Среди всеобщей радости я был, наверное, самым счастливым. Я удачно выбрался из ужасных битв при Вейсенфельсе, Лютцене и Лейпциге и ускользнул из лап тифа. Я узнал воинскую славу и потому еще более полюбил мир и возненавидел солдатскую службу.

Я вернулся к дядюшке Гульдену. Увидев меня, он протянул руки и воскликнул:

— Это ты, Жозеф! Дорогое дитя мое! Я считал тебя погибшим.

Мы плакали и целовали друг друга.

Затем мы снова дружно зажили вместе. Он тысячу раз заставлял меня рассказывать ему о походах и шутливо величал меня «старым служакой».

Мне он рассказал об осаде Пфальцбурга. Враг подошел к городу в январе.
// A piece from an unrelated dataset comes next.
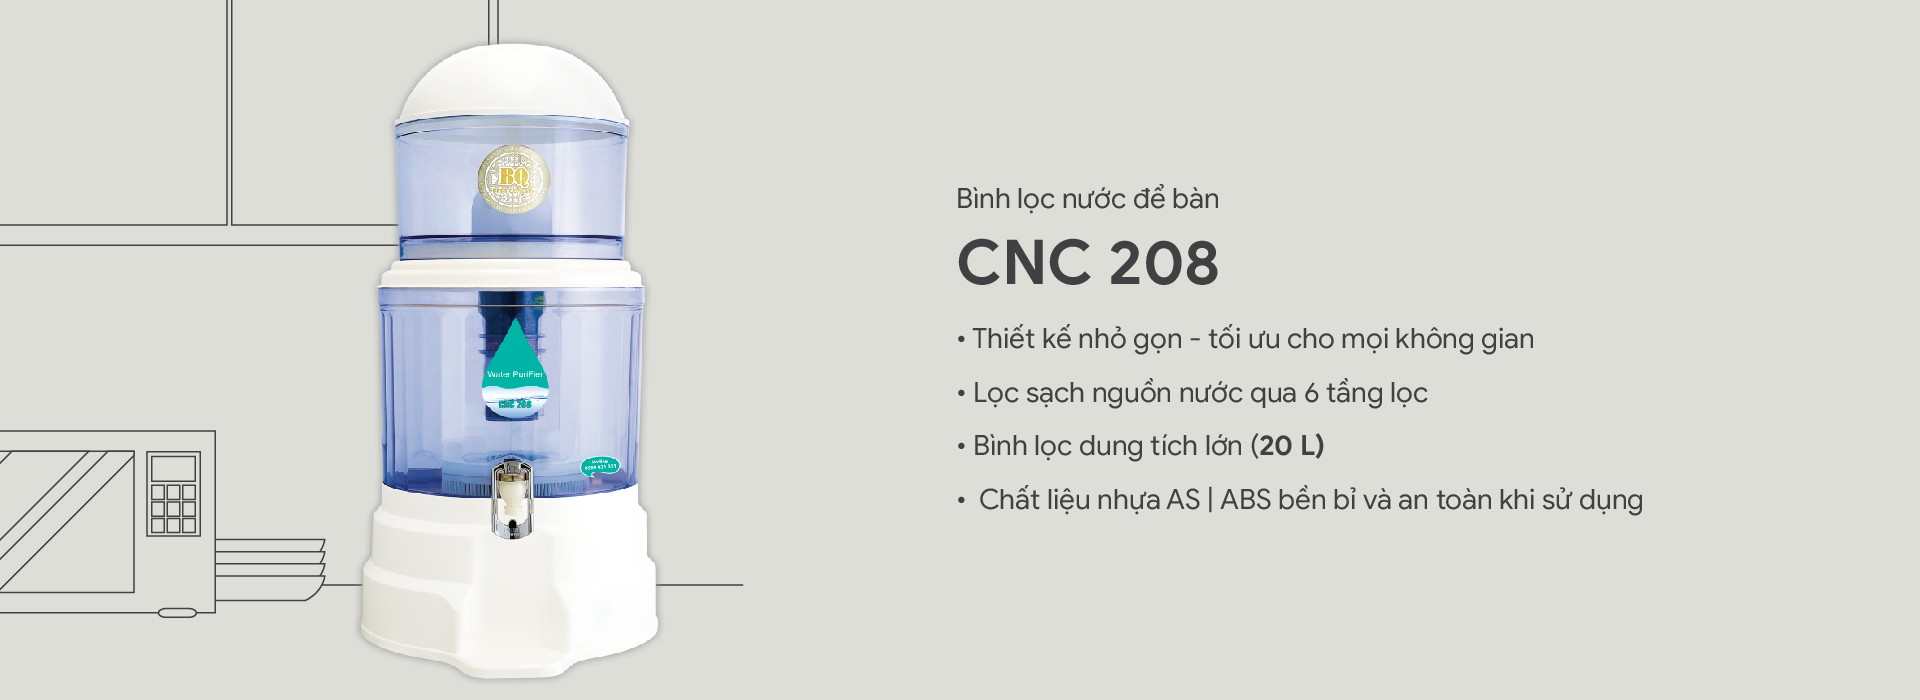 Bình lọc nước để bàn CNC208

В Пфальцбурге оставались лишь старые солдаты и несколько сотен артиллеристов. Пушки были поставлены на укреплениях. Во время осады пришлось питаться кониной и ломать чугунные печки у горожан, чтобы изготовить из них картечь. Дядюшка Гульден, несмотря на свои шестьдесят лет, был наводчиком при большой двадцатифунтовой пушке. Слушая этот рассказ, я представлял себе дядюшку Гульдена в его черном колпаке и очках на бастионах и не мог удержаться от смеха.

Мы зажили, как раньше. Я опять поселился в своей комнатушке и по-прежнему накрывал на стол и варил обед.

Я мечтал день и ночь о Катрин. Наша женитьба была уже решена, но было одно препятствие, которое доставляло мне немало огорчения. Рекруты набора 1815 года были распущены, но мы, набора 1813 года, все еще числились солдатами. Правда, теперь это было не так опасно, как во времена Наполеона, и многие из нас спокойно жили в своих деревнях. Но зато, чтобы жениться, требовалось получить особое разрешение. Без этого разрешения свадьба не могла состояться.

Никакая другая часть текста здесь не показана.